Pomegranate peel is an agro-industrial waste that can be used as source of punicalagin, a polyphenolic compound with several beneficial effects on health. Since, once extracted, punicalagin is prone to degradation, its encapsulation by double emulsions can be an alternative to protect the active compound and control its release. The aim of this investigation was to evaluate the feasibility of encapsulating pomegranate peel extract (PPE) in double emulsions using different types of oils (castor, soybean, sunflower, Miglyol and orange) in a ratio of 70:30 (oil:PPE) and emulsification methods (direct membrane emulsification and mechanical agitation), using polyglycerol polyricinoleate (PGPR) and Tween 80 as lipophilic and hydrophilic emulsifiers, respectively.
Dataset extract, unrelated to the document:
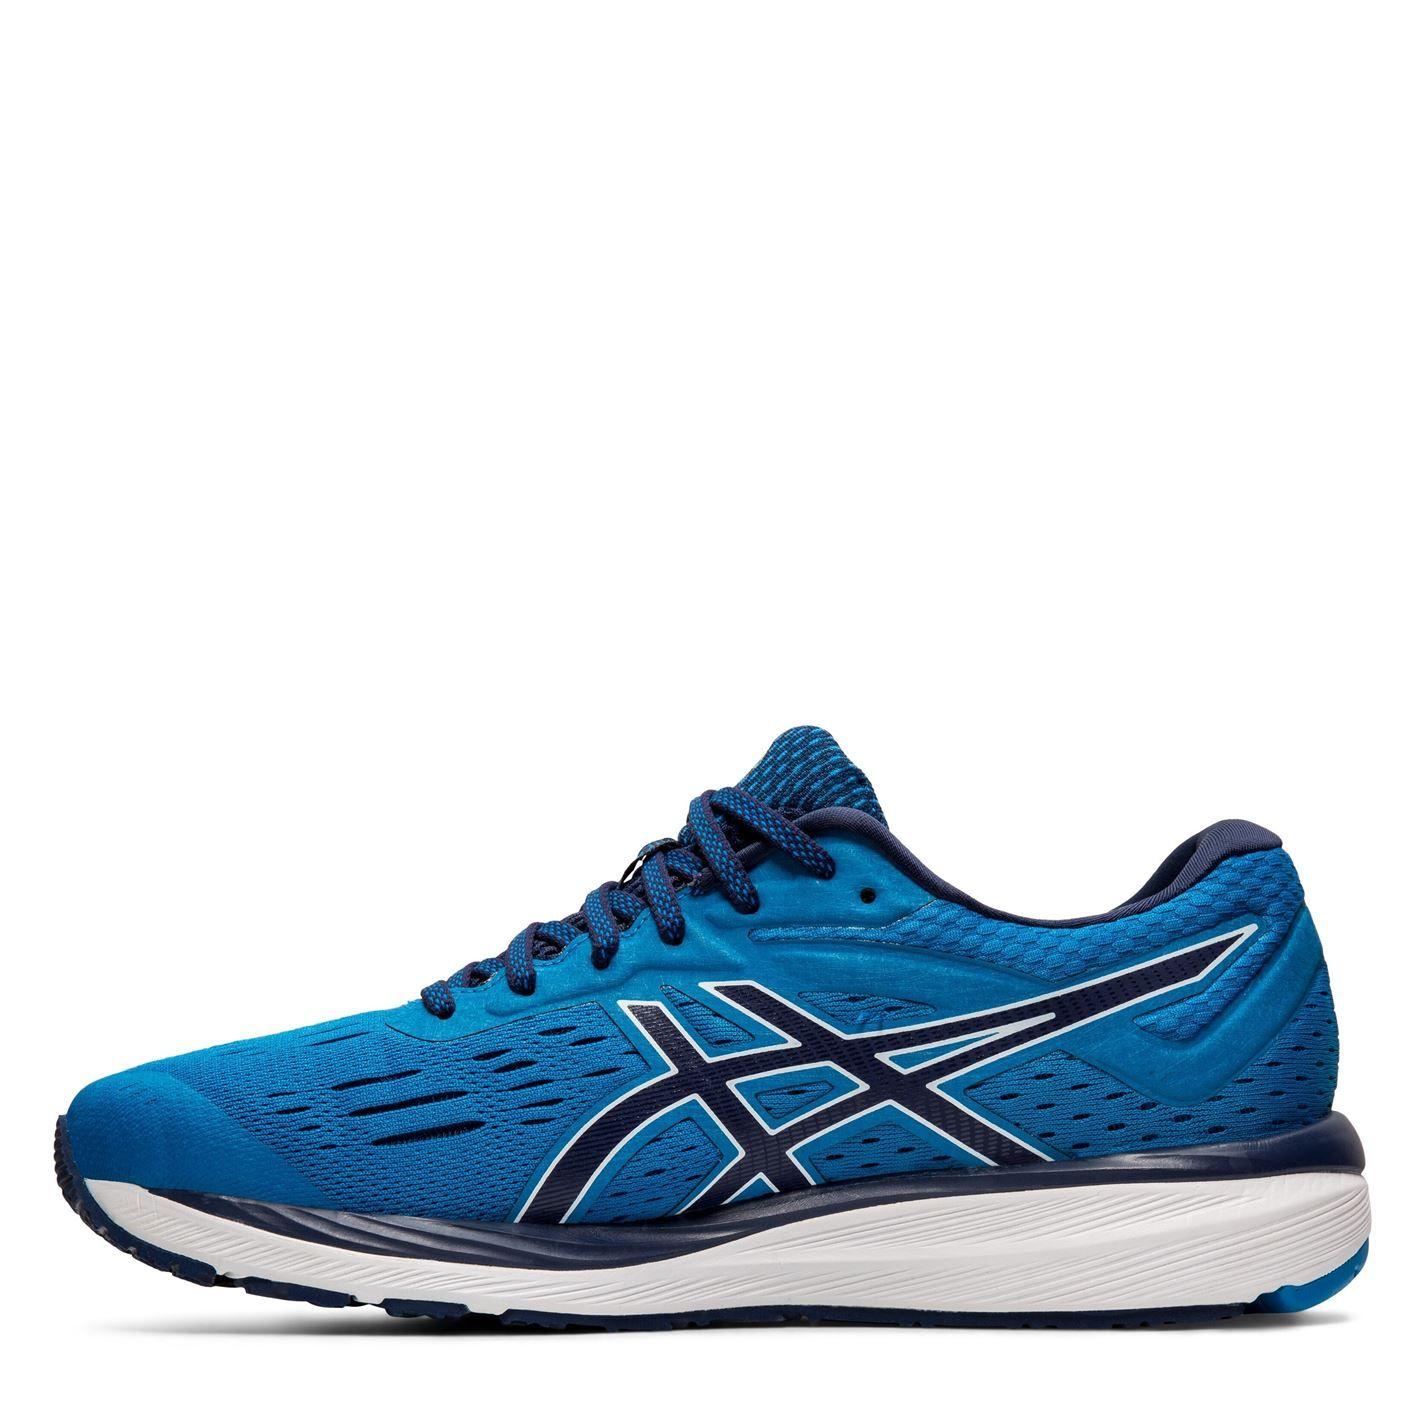 Asics Mens Gel-Cumulus 20 Running Shoes Trainers

Direct membrane emulsification (DME) led to more stable emulsions during storage. Droplet size, span values, morphology and encapsulation efficiency (EE) were better for double emulsions (DEs) prepared by DME than for mechanical agitation (MA). DEs formulated using Miglyol or sunflower oil as the oily phase could be considered as suitable food grade systems to encapsulate punicalagin with concentrations up to 11,000 mg/L of PPE.